Analysis Method: kolsmir

Brian T. Luke (lukeb@ncifcrf.gov)
Return to Contents

The  Kolmogorov-Smirnov test (K-S test) simply measures the maximum difference in the cumulative fraction plots of the two States.

F1(x) is the fraction of samples in the first State that have an intensity less than x, while F2(x) is the fraction of samples in the second State.  The metric is simply given by the following.

D = max|F1(x) – F2(x)| over all x.

The peaks should be ranked from highest to lowest value of D.

In general, the intensities are ranked from lowest to highest and x assumes each value of the intensity (meaning that the point with this intensity does not count towards the total).

Increment the total in each state starting with the sample with the lowest intensity and stopping with the sample with the next-to-highest intensity and find the largest difference after each increment.

This method is only valid for a two-State problem.

The results examining 10,000 features representing either Feature-a or Feature-b, and comparing their scores against the maximum possible score obtained from features with no information is shown in the following table.
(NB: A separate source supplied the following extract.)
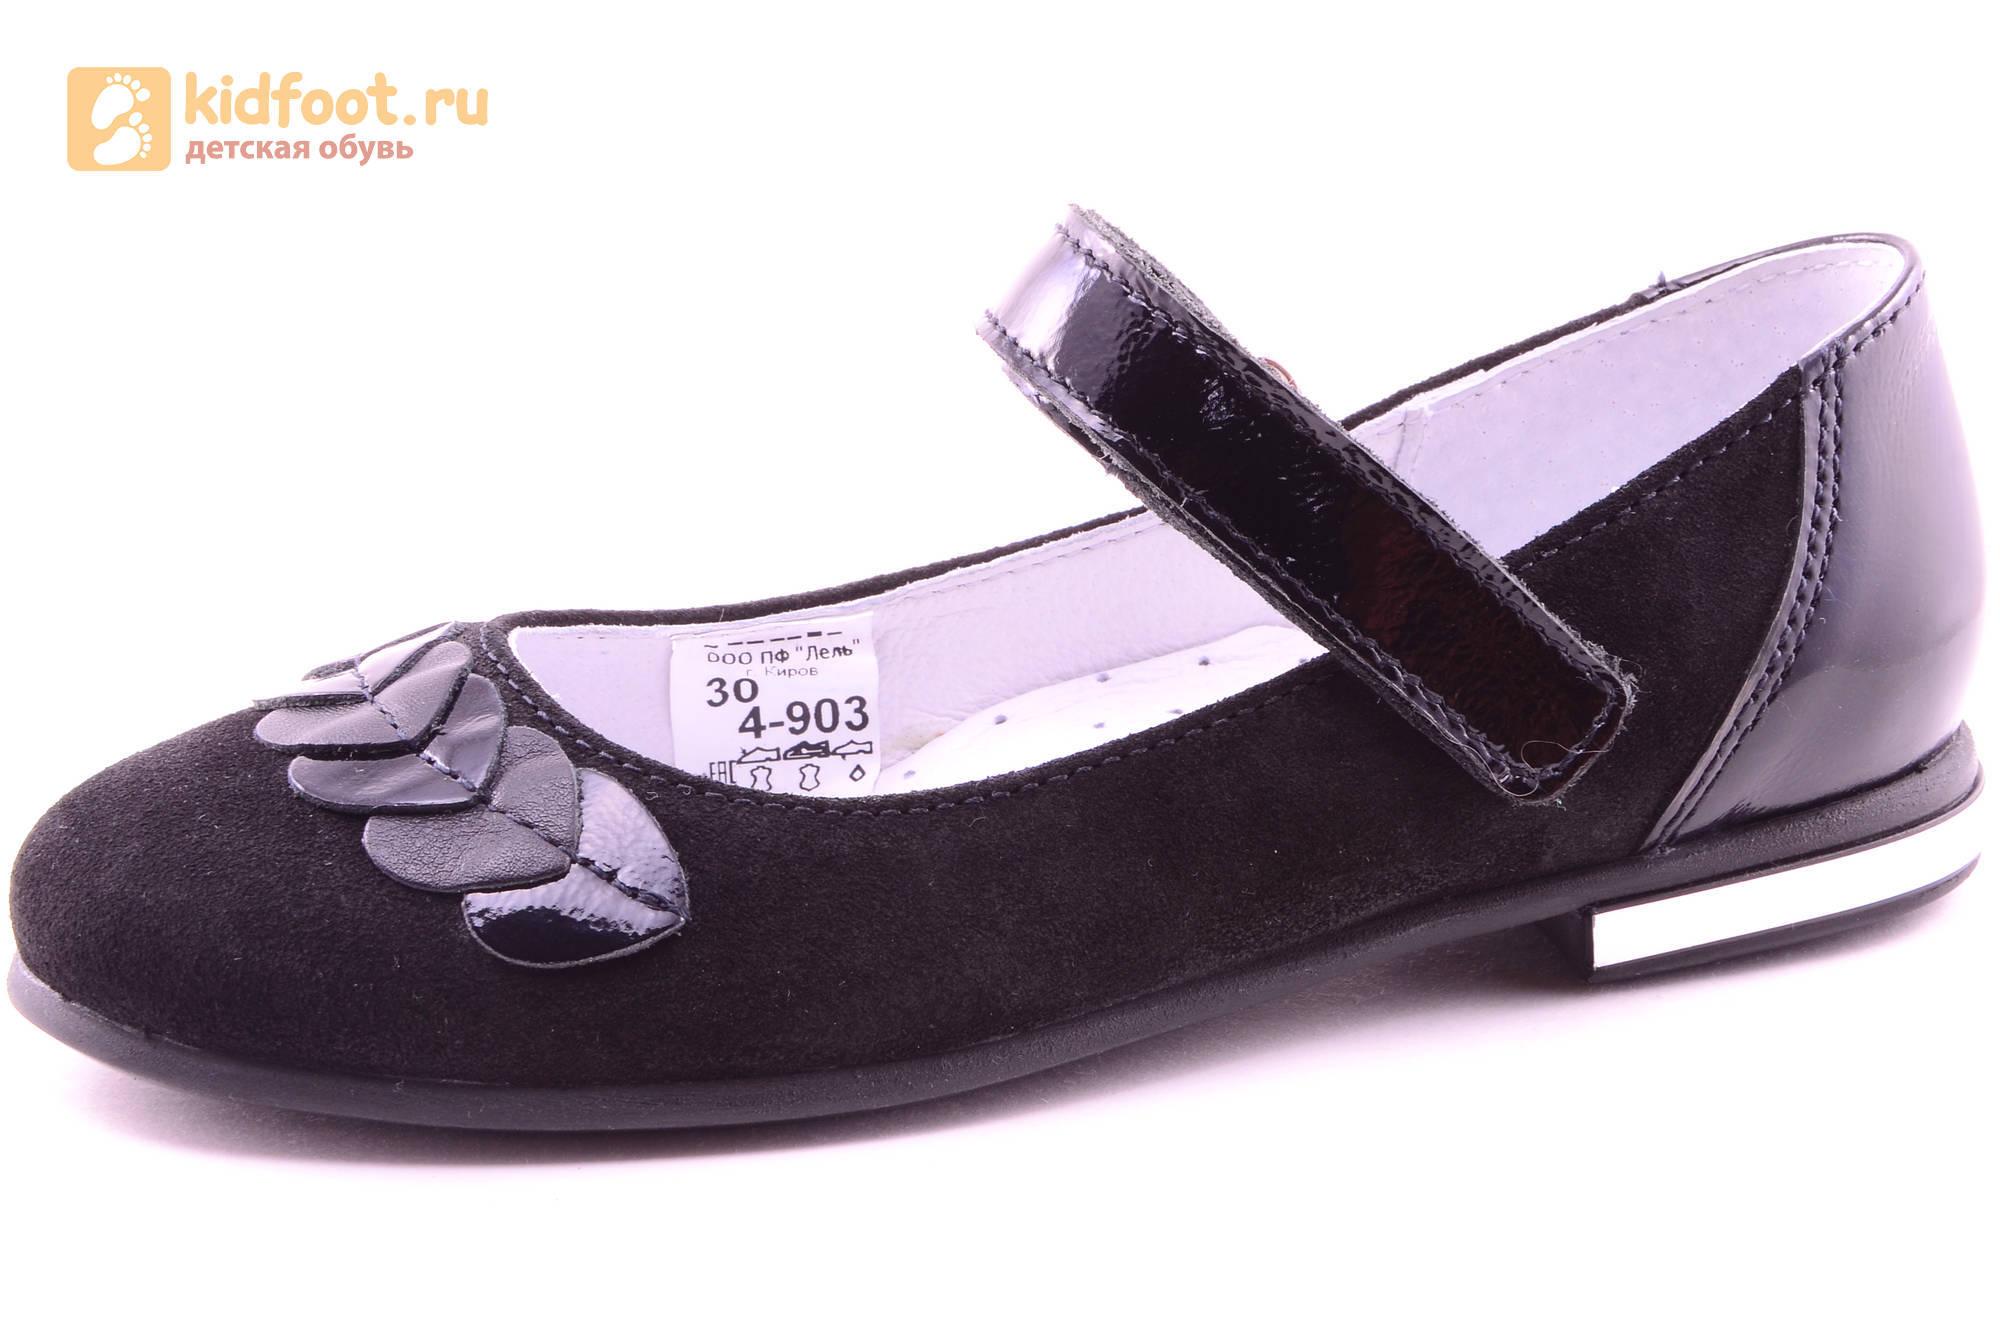 Туфли для девочек из натуральной кожи и велюра на липучке Лель (LEL), цвет черный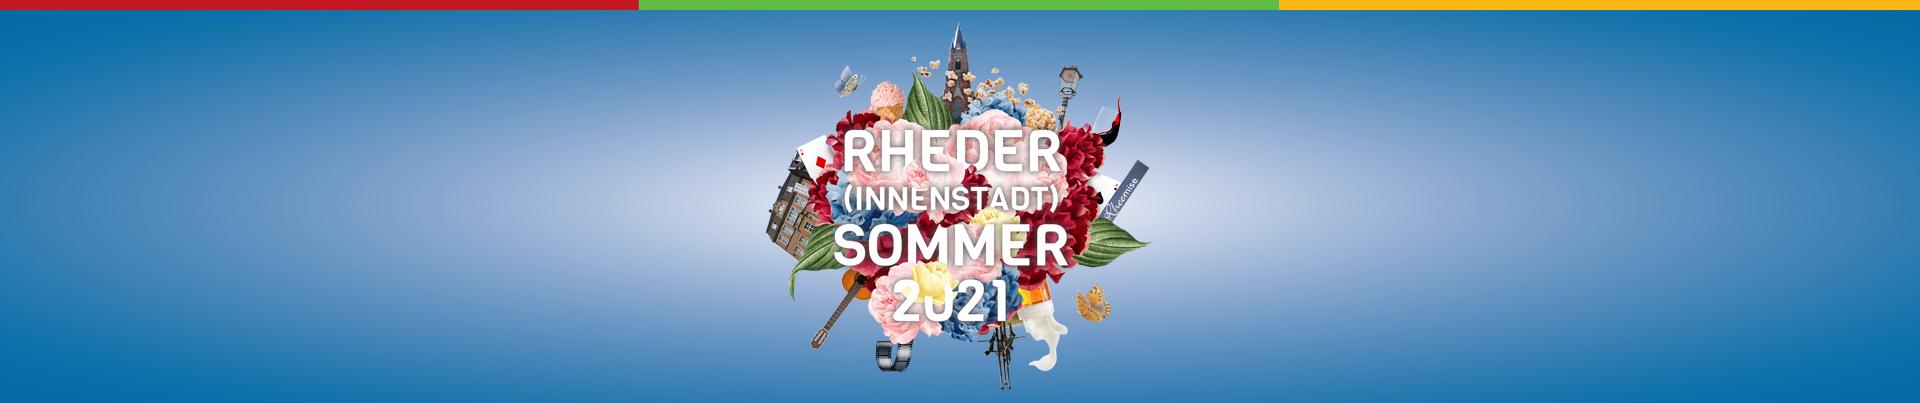 Rheder Sommer 2021

Each Thresh 10a 10b 15a 15b 20a 20b 25a 25b 30a 30b 35a 35b 40a 40b
30 17 0 0 3 5 7 2 15 11 66 11 206 31 563 44
45 20 6 4 9 8 59 16 175 41 572 101 1675 178 3545 337
60 26 0 0 1 1 12 3 75 20 401 30 1451 76 3687 159
90 29 11 9 47 22 293 61 1545 171 4469 421 7811 969 9572 1941
150 39 12 4 142 30 1232 140 5365 485 9130 1253 9942 2697 9999 5052
300 53 155 62 2829 358 9137 1491 9994 3968 10000 7598 10000 9592 10000 9983

As stated earlier, the first column represents the number of Cases and the number of Controls in each dataset.  The second column represents the maximum value of the D obtained from 10,000 features where the intensities for both Cases and Controls are randomly assigned within the range of 0.0 to 100.0.  The remaining columns show the number of times in 10,000 randomly generated feature intensities that a feature has a value of D that is above this threshold.  The headings for these column show whether the features represent Feature-a or Feature-b, described previously, and the value of Za or 2Zb.  For example, the column labeled 10a is for features that represent Feature-a with Za=10, while the column labeled 10b is for features that represent Feature-b with 2Zb=10 (Zb=5).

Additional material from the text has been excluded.